Ideas on how to fine-tune a pre-trained model in PyTorch

Published in

Udacity PyTorch Challengers

11 min readJan 4, 2019

By Florin Cioloboc and Harisyam Manda — PyTorch Challengers

Notes & prerequisites: Before you start reading this article, we are assuming that you have already trained a pre-trained model and that you are looking for solutions on how to improve your model’s ability to generalize. Harry and I focused our writing on what you could apply to the Flower Classification as the final lab challenge of the Udacity’s PyTorch Challenge Scholarship but you could definitely learn something if you’re at the beginning of your Deep Learning journey as we did. Let’s begin!

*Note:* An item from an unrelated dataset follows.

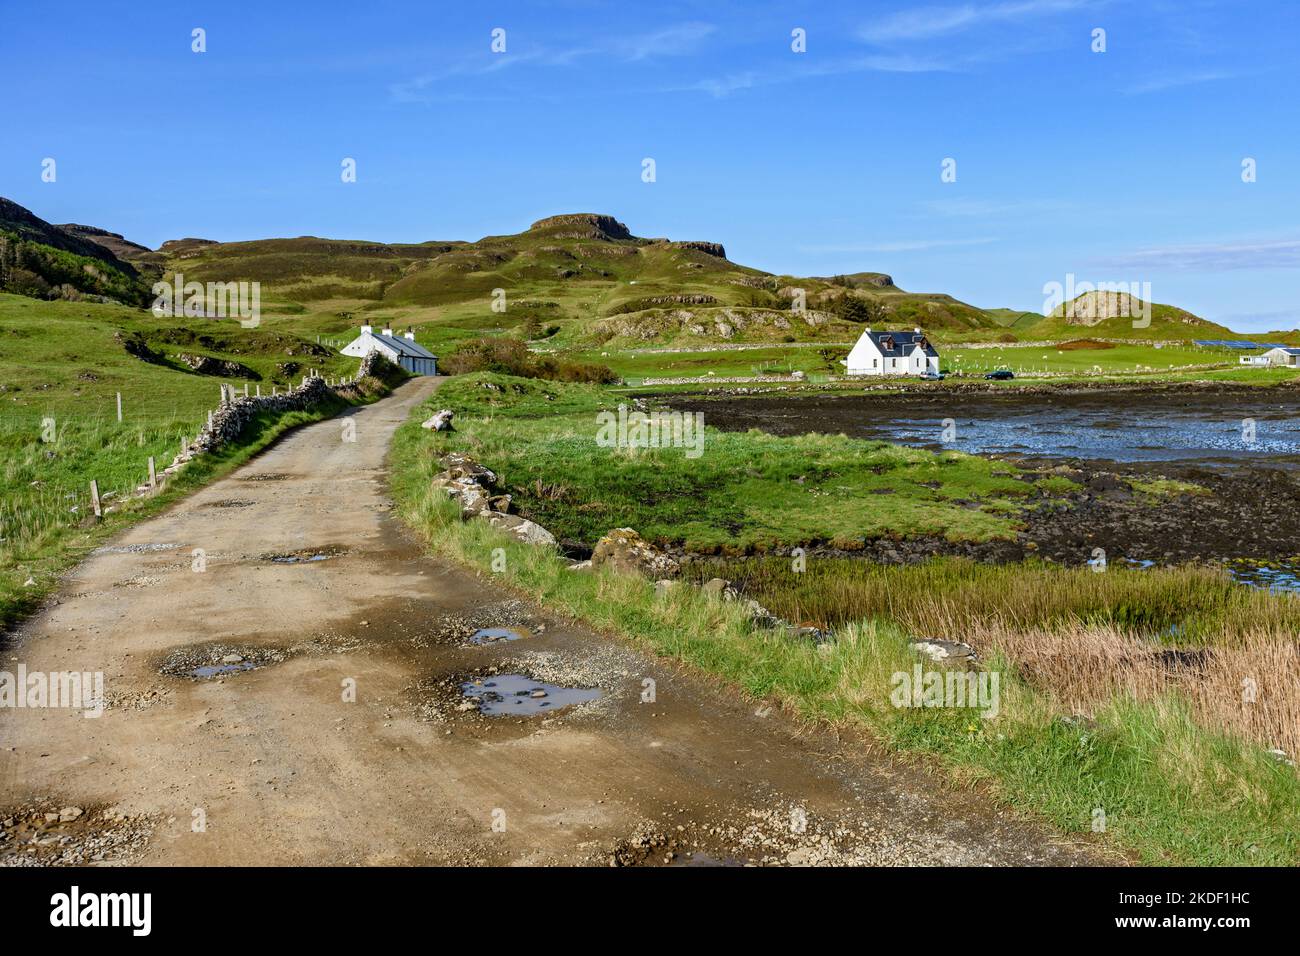 Compass Hill from the track running past the settlement of A' Chill, Isle of Canna, Scotland, UK Stock Photo

Once upon a time, you trained your model on let’s say 20–30 epochs with some learning using Adam or SGD as an optimizer but your accuracy on the validation set stopped at 90% or below. What do you do? How do we get to that 98% or 99% accuracy? Is that even possible? Of course it is. Both Harry and I, hit the same wall as you did, and fortunately we have managed to overcome the obstacle and here some ideas that we would like to share with you.

It’s not actually magic, you’ll get there through thought and experimentation

Data Augmentation

This is one of those parts where you really have to test and visualize how the image looks. It’s obviously a tricky task to get it right so let’s think about how we could go about it. Points to consider:

Are we doing enough data augmentation?
Are we doing too much?

One of the easiest ways to go about it is to work with the simple transforms from PyTorch such as RandomRotation or ColorJitter. We should consider adding only 1–2 transform functions at a time, the reason for this is that the data set we are dealing with is not very complex. Moreover, starting with fewer can help us identify which one worked best.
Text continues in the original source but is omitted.